Transcribe the entries below word for word, beginning at the line with "1) Italian gilt" and stopping after the line with "GROWN IN USA"; drop all pictures.

**Information**.
::::
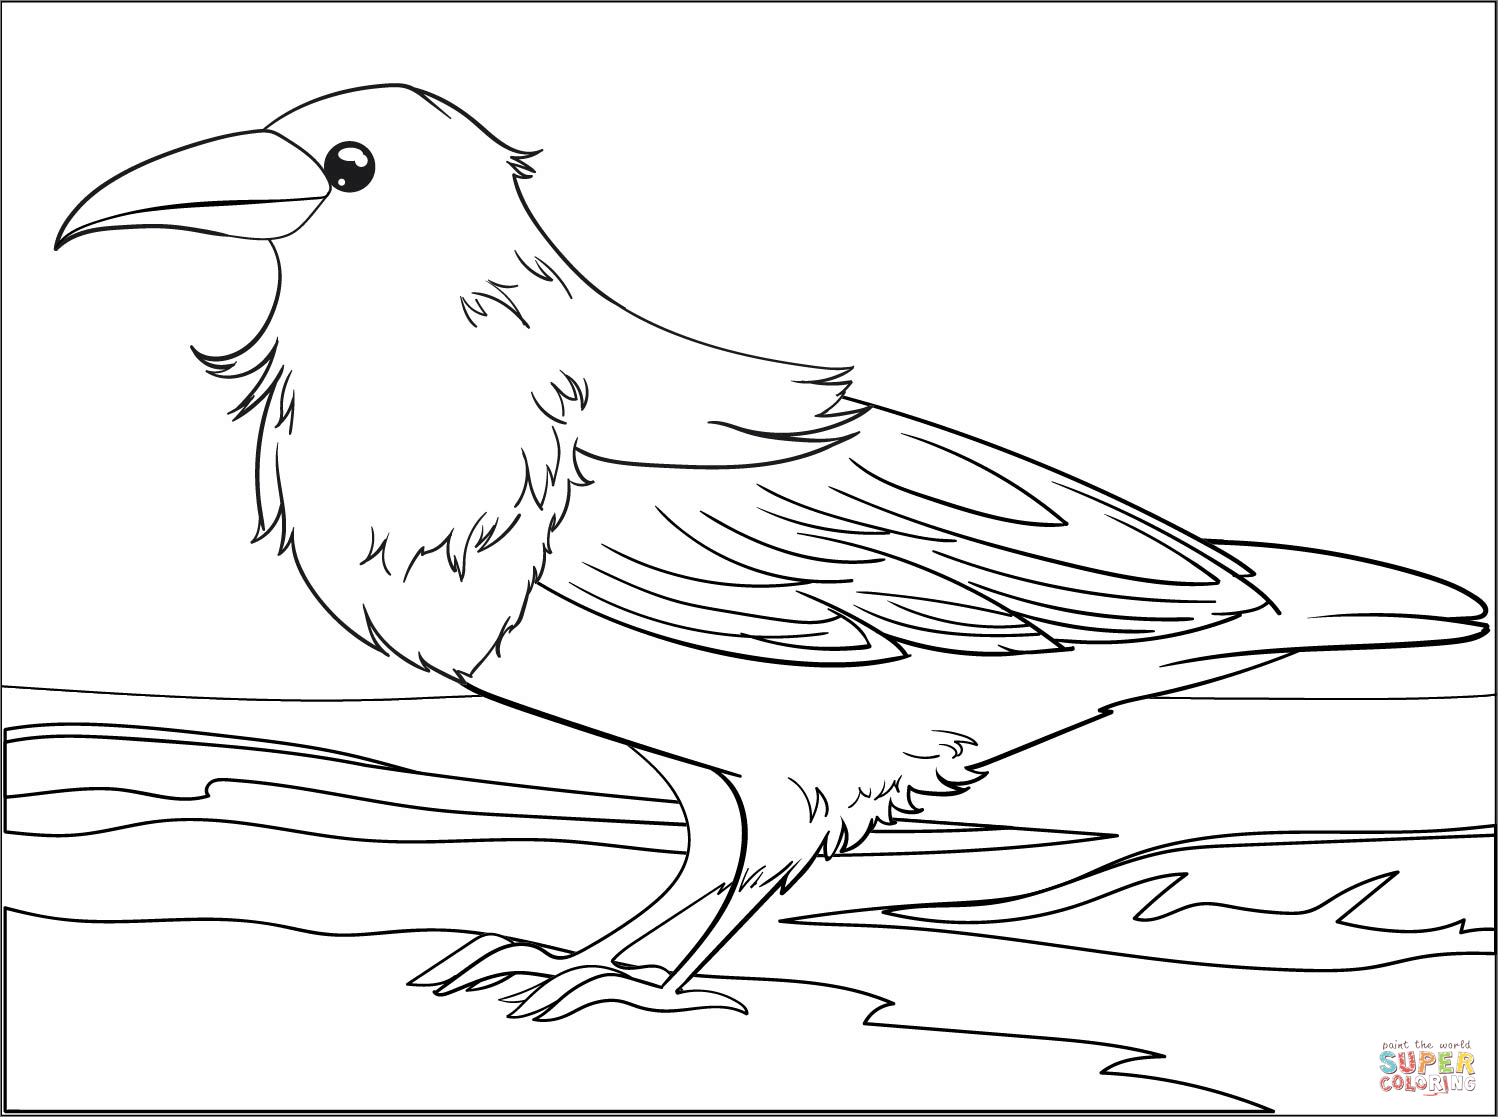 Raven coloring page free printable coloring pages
::::
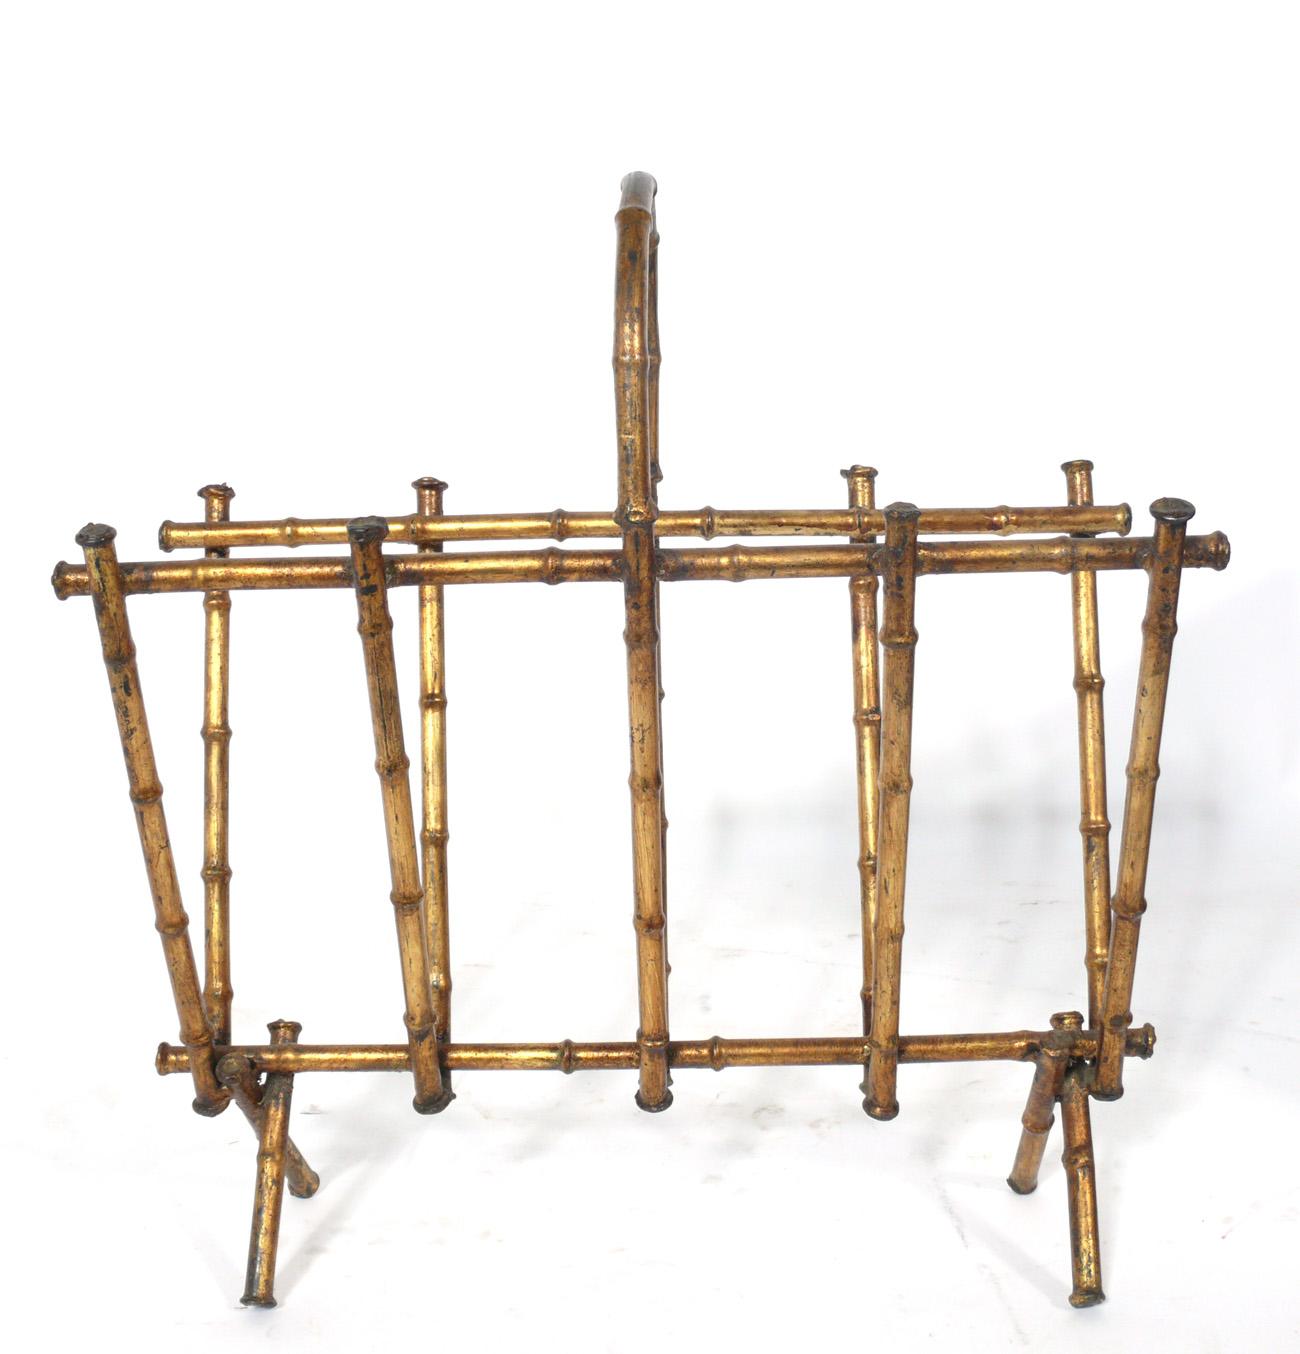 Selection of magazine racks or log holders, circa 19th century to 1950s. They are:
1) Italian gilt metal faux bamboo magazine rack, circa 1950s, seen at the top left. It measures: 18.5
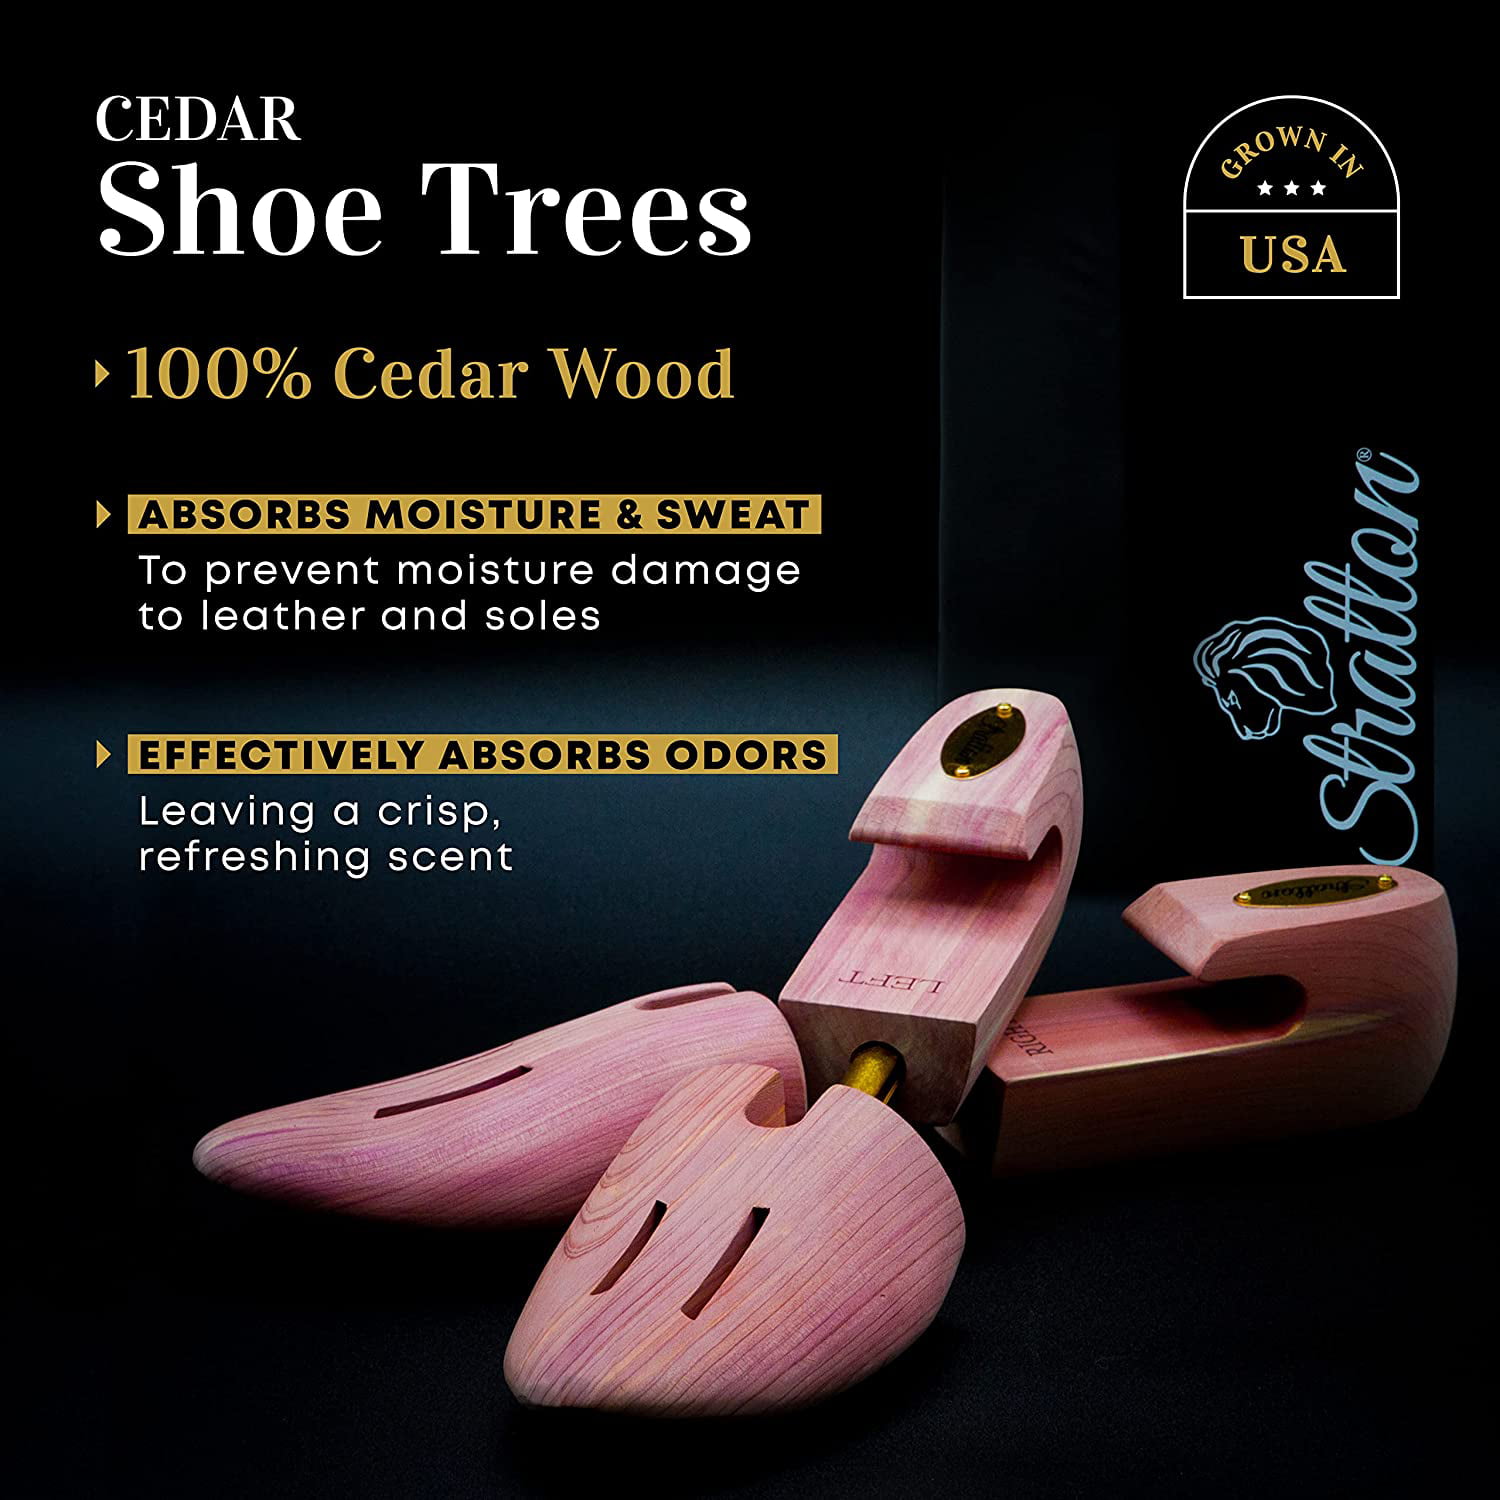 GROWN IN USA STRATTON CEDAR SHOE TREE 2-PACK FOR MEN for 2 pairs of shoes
::::
**Task solution**.
1) Italian gilt metal faux bamboo magazine rack, circa 1950s, seen at the top left. It measures: 18.5
 GROWN IN USA STRATTON CEDAR SHOE TREE 2-PACK FOR MEN for 2 pairs of shoes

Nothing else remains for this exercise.